No longer slave or free

Even when reading Philemon in the most positive way, as a plea for Philemon to receive Onesimus back “no longer as a slave but more than a slave, a beloved brother” (Philemon 16); and reading 1 Corinthians 7:21 as encouragement for slaves to use their possible freed status to the utmost advantage; one must nonetheless acknowledge Paul’s lack of critique of the institution of slavery itself as contrary to God’s will.

The extent of his vision of the effect of the power of the cross was in abolishing the distinctions between slaves, freed people, and free people before God — and thus the abolishing of these distinctions in Christian community with regard to charisms, leadership, and mutual respect.

The question before the preacher, then, is how the Spirit is continuing to push the life-giving and reconciling effects of the cross into the world that God is saving. What are the consequences of the equality of all people before God, not only in churches but in the world that is the proper object of the good news of salvation?

No longer male and female

Here Paul changes the connection between the pairs of terms. From Jew or Greek, slave or free, he moves to “no longer male and female.” Curiously, in Pauline epistles women seem to disappear almost entirely as women, as they are addressed consistently among the “brothers.”

When women do surface for particular comment in 1 Corinthians 11:2-16, Paul makes a remarkably weak argument attempting to curtail their spiritual practice, relying on the dictates of “nature” regarding hairstyles.

On the other hand, the epistles witness to the many women who had roles of the highest importance as, among other things:

  • house church leaders (Chloe)
  • bearers and interpreters of letters (Phoebe)
  • prophets and leaders of prayer (1 Corinthians 11:5).

Here in Galatians, Paul appears to be critiquing the socially constructed binary of male/female within the churches. As a woman, I wonder whether it felt freeing to be considered as a “brother,” a co-heir of Christ, in early Christian communities. Given the status of adult women as essentially minors under the law, would I have welcomed the agency and full respect that came with being counted among the adult brothers?

Clothed with Christ

Galatians 3:27 is the dynamic heart of the passage, and perhaps the surest foundation for a strong moral interpretation.

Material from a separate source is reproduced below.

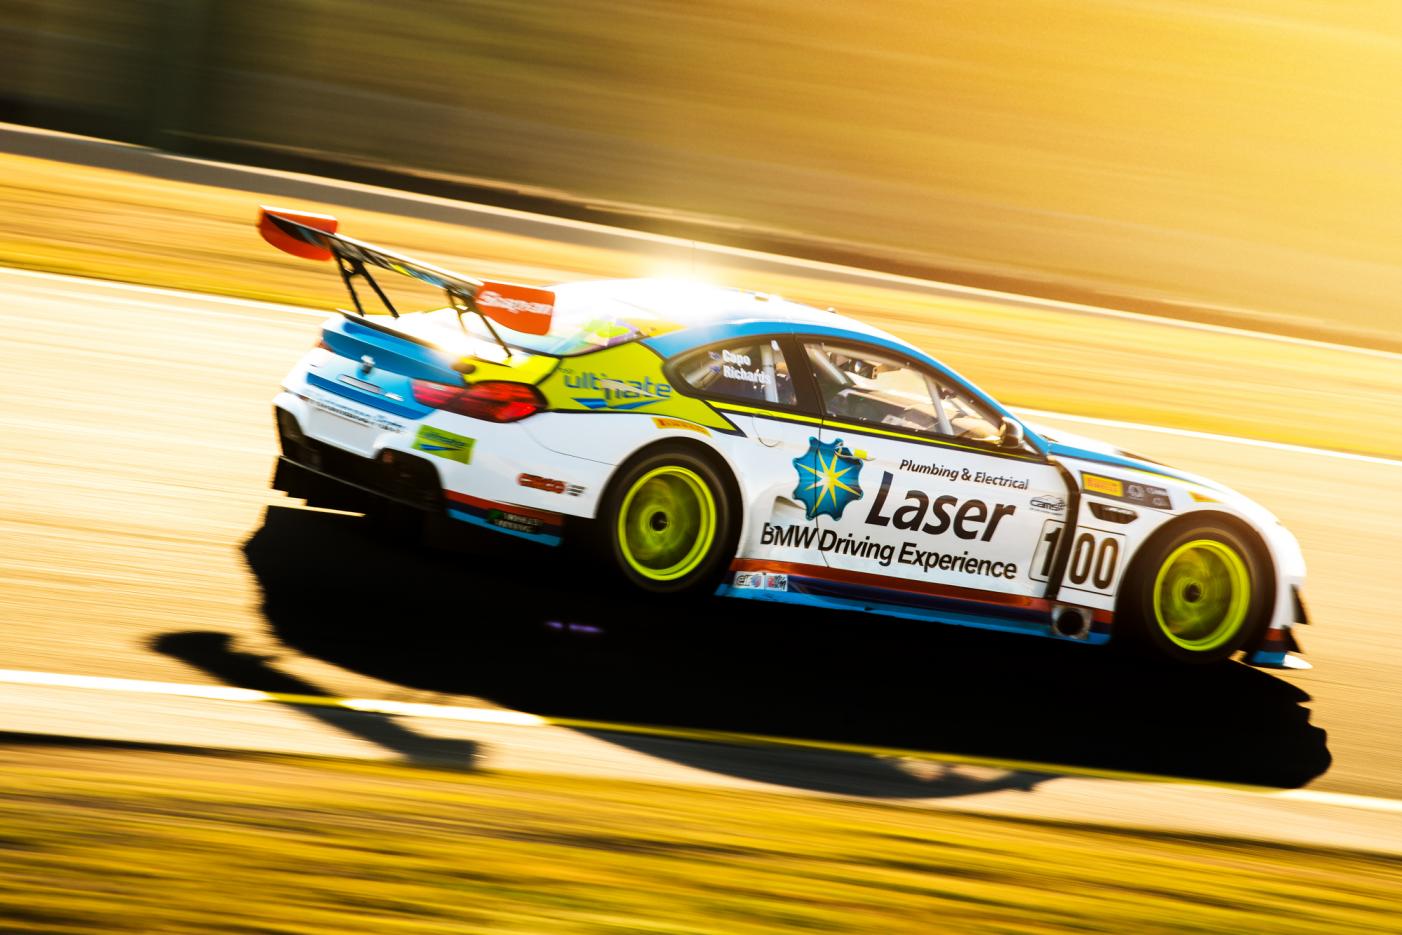 Front-running pace and Top 10 results for BMW Team SRM in Sydney

As we have seen, from the point of view of a twenty-first century democracy, Paul’s radical reordering of human relationships before God does not now seem nearly radical enough. To understand ourselves as clothed with Christ, who risked himself entirely for God’s purposes, is to apprehend our full responsibility as adult heirs of God, people with both the grace and the responsibility to discern the implications of Paul’s vision in ever-widening circles, preparing the world for the fullness of God’s presence. Since the day of the cross, the power of God has been on the move:

  • to call people into dynamic relationship with God;
  • to invite us into communities of well-being beyond constricting gender norms;
  • and to effect freedom, full agency, and respect for all people.

Resources:

Blount, Brian K., General Editor. True to Our Native Land: An African American New Testament Commentary. Minneapolis, Fortress, 2007.

Nanos, Mark D. Reading Paul Within Judaism. Eugene, OR: Cascade Books, 2017.

Polaski, Susan Hack. A Feminist Introduction to Paul. St. Louis, MO: Chalice Press, 2005.